▶ _WHAT IS NEEDED_: Could you repeat the whole listing below exactly, omitting any picture it holds?

▶ _GIVEN MATERIAL_:
==================================================

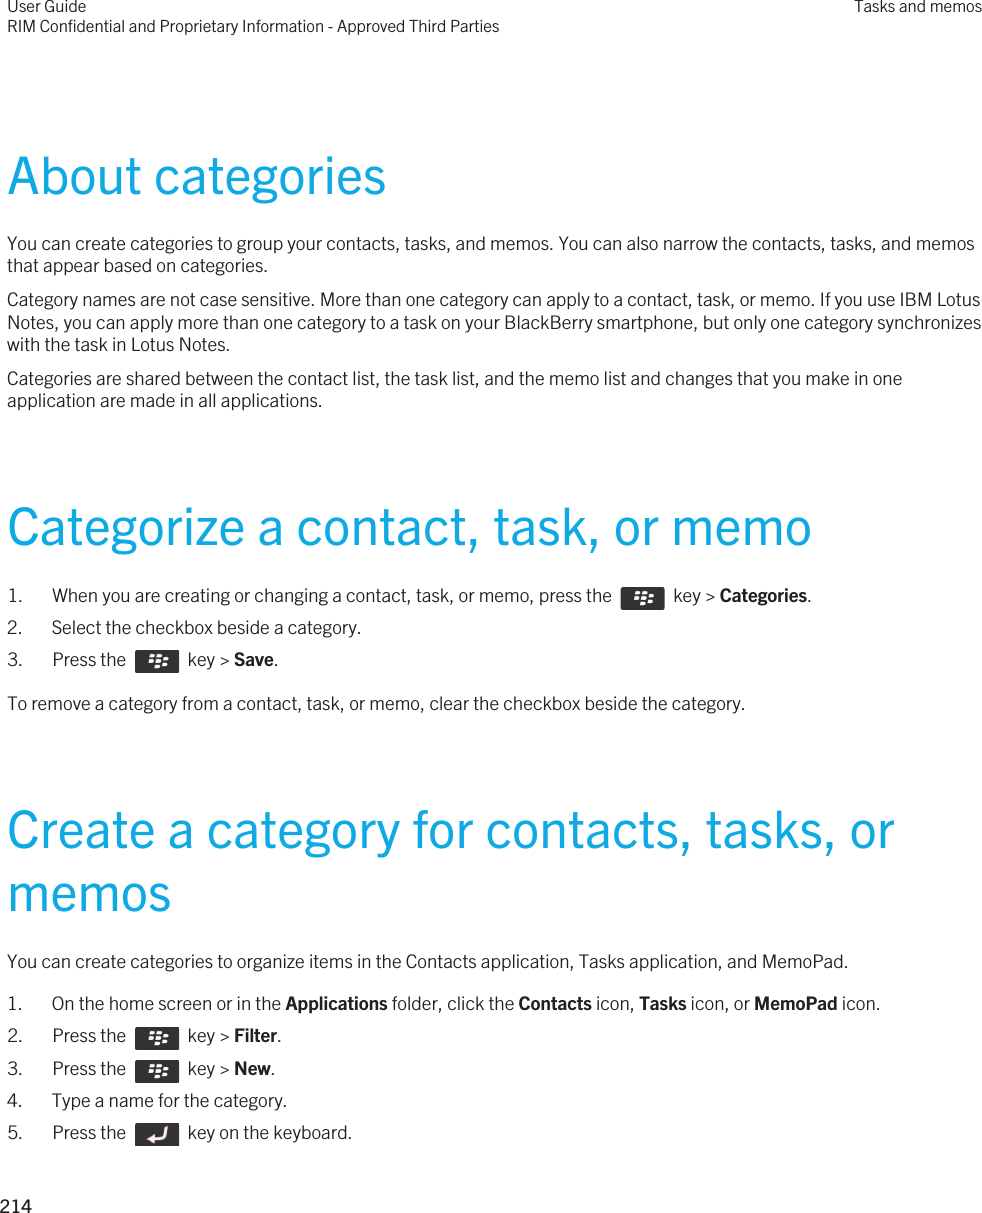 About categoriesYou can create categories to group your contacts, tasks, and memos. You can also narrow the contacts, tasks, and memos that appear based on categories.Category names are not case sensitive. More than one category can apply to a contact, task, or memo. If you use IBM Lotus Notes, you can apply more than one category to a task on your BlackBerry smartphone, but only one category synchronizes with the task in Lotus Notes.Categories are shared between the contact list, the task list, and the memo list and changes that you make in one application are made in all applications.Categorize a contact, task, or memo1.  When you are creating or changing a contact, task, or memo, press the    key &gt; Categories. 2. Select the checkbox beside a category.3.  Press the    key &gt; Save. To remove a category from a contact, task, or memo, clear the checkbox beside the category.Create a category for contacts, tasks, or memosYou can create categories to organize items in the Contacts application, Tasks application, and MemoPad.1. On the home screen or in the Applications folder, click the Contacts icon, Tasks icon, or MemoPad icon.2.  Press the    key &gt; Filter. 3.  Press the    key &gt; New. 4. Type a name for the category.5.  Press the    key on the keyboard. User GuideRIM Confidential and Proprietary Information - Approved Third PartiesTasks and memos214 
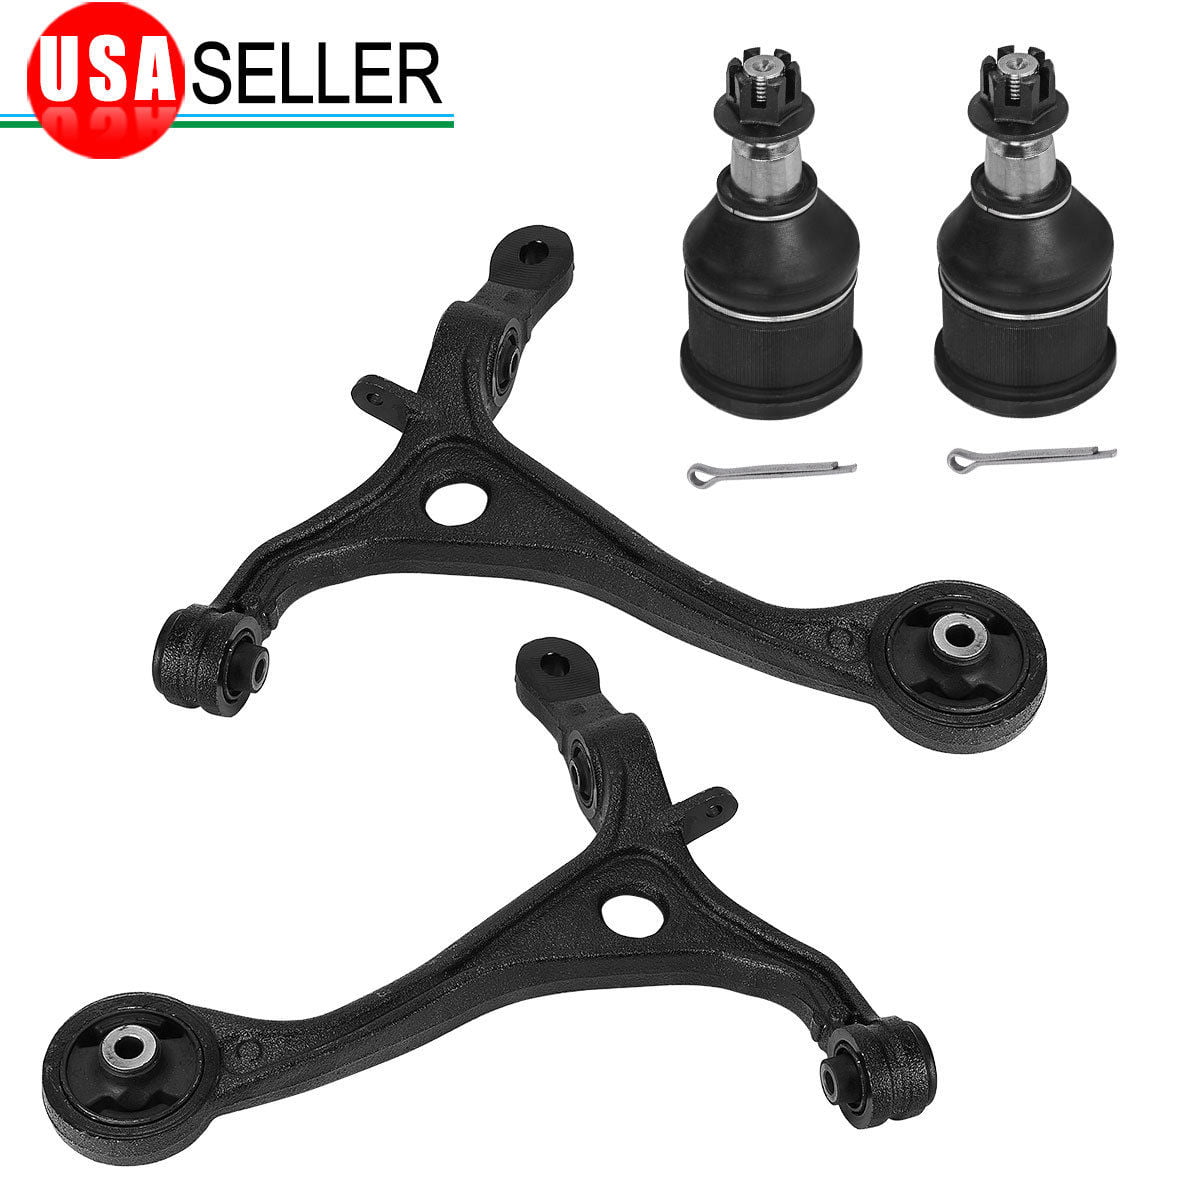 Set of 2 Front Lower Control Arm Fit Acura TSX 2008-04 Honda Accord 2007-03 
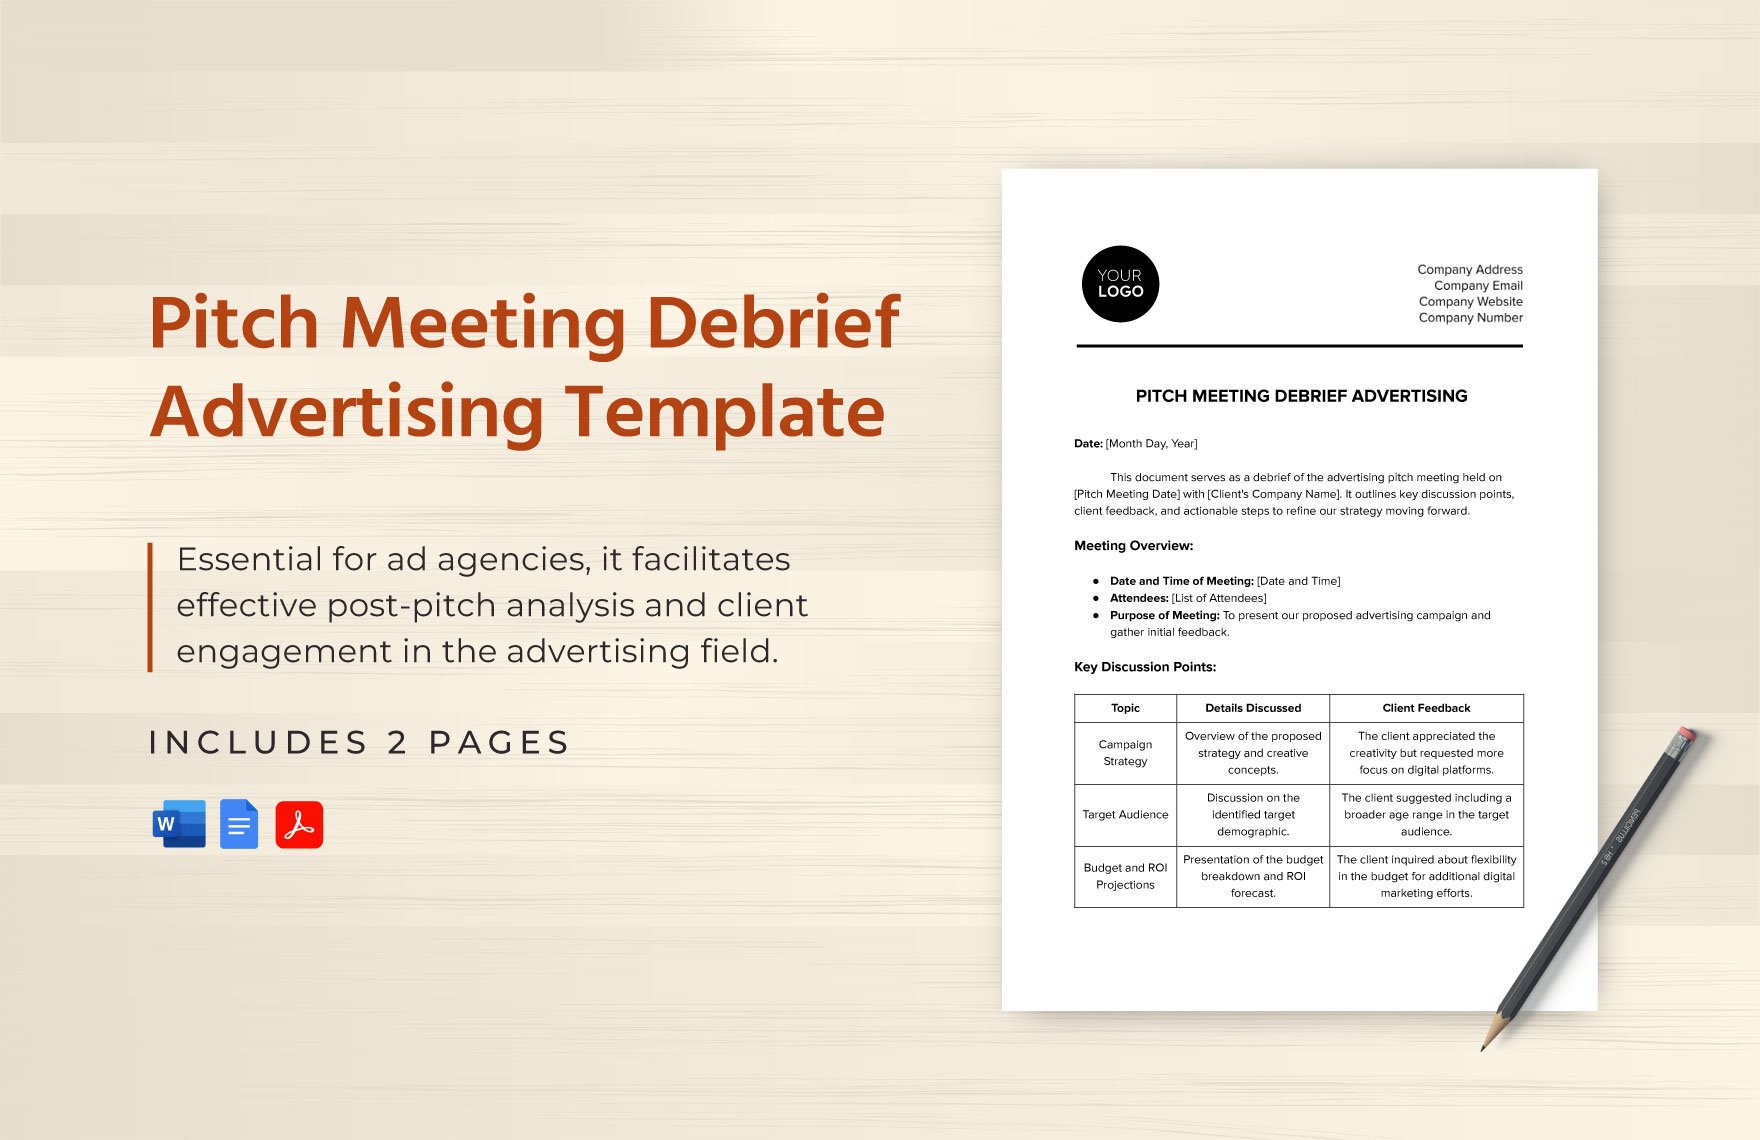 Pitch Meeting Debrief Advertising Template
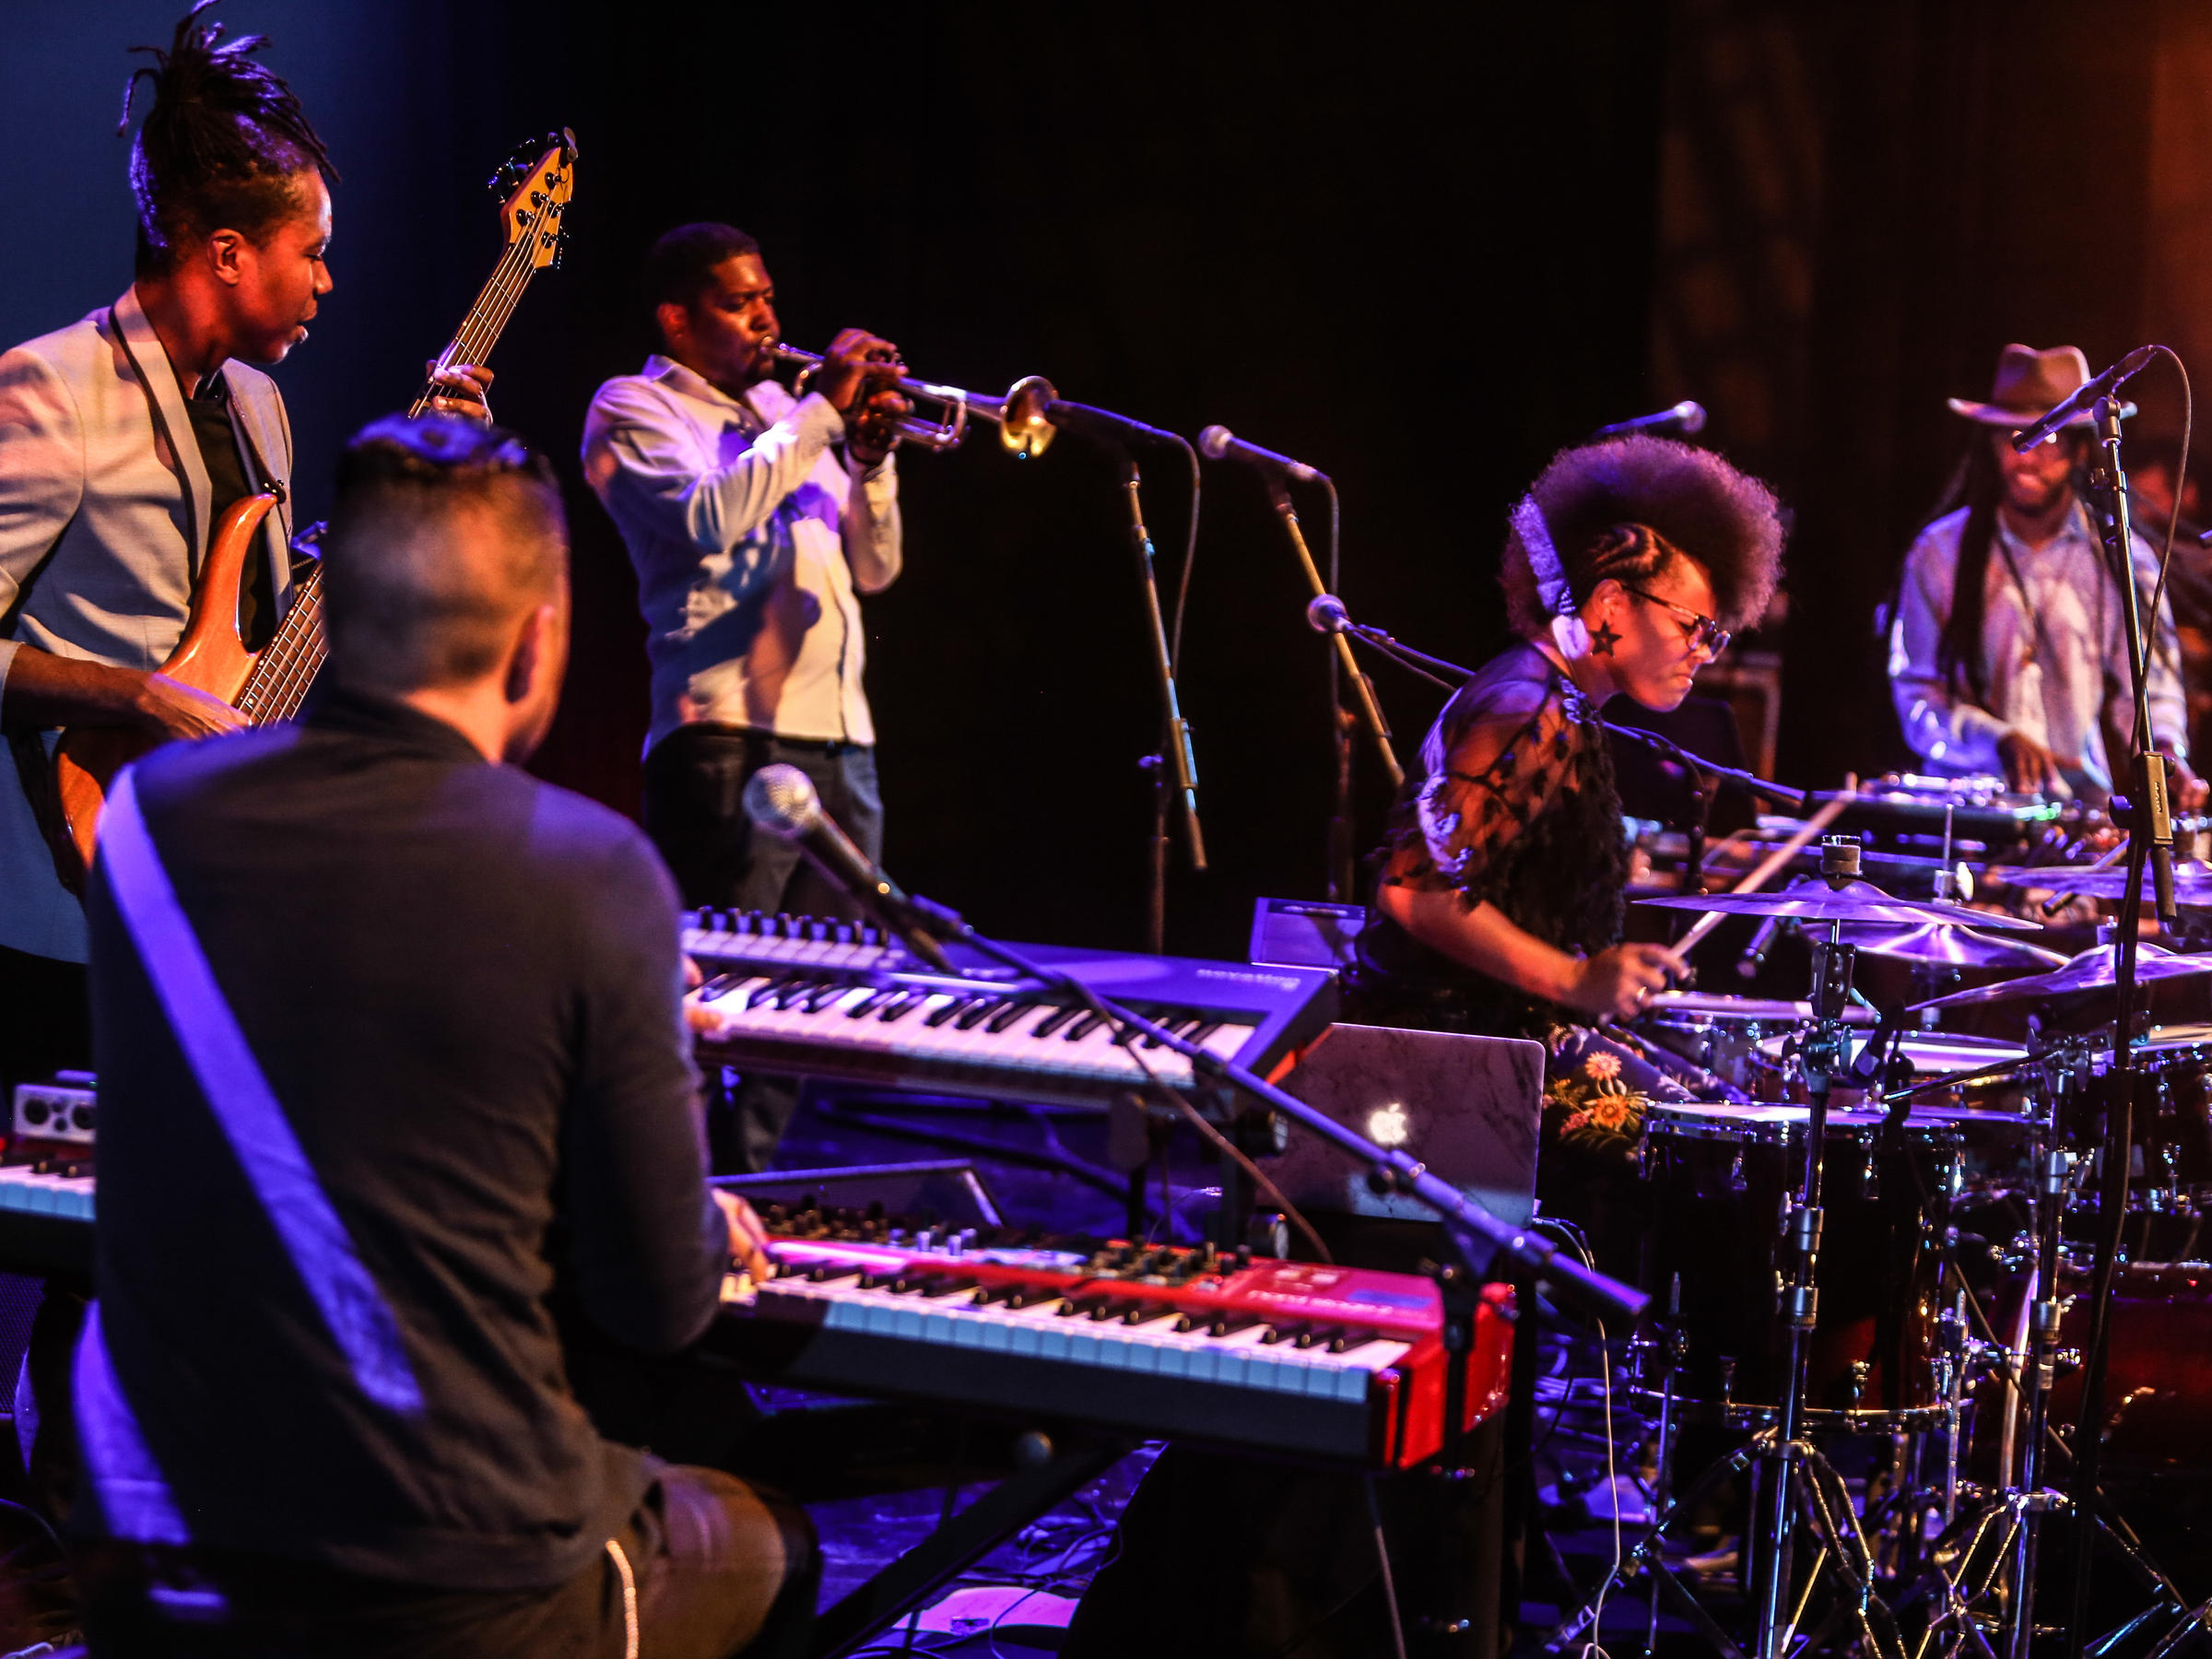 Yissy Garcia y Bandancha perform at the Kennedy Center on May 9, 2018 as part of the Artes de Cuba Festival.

==================================================

▶ _WRITTEN ANSWER_:
 About categoriesYou can create categories to group your contacts, tasks, and memos. You can also narrow the contacts, tasks, and memos that appear based on categories.Category names are not case sensitive. More than one category can apply to a contact, task, or memo. If you use IBM Lotus Notes, you can apply more than one category to a task on your BlackBerry smartphone, but only one category synchronizes with the task in Lotus Notes.Categories are shared between the contact list, the task list, and the memo list and changes that you make in one application are made in all applications.Categorize a contact, task, or memo1.  When you are creating or changing a contact, task, or memo, press the    key &gt; Categories. 2. Select the checkbox beside a category.3.  Press the    key &gt; Save. To remove a category from a contact, task, or memo, clear the checkbox beside the category.Create a category for contacts, tasks, or memosYou can create categories to organize items in the Contacts application, Tasks application, and MemoPad.1. On the home screen or in the Applications folder, click the Contacts icon, Tasks icon, or MemoPad icon.2.  Press the    key &gt; Filter. 3.  Press the    key &gt; New. 4. Type a name for the category.5.  Press the    key on the keyboard. User GuideRIM Confidential and Proprietary Information - Approved Third PartiesTasks and memos214 
 Set of 2 Front Lower Control Arm Fit Acura TSX 2008-04 Honda Accord 2007-03 
 Pitch Meeting Debrief Advertising Template
 Yissy Garcia y Bandancha perform at the Kennedy Center on May 9, 2018 as part of the Artes de Cuba Festival.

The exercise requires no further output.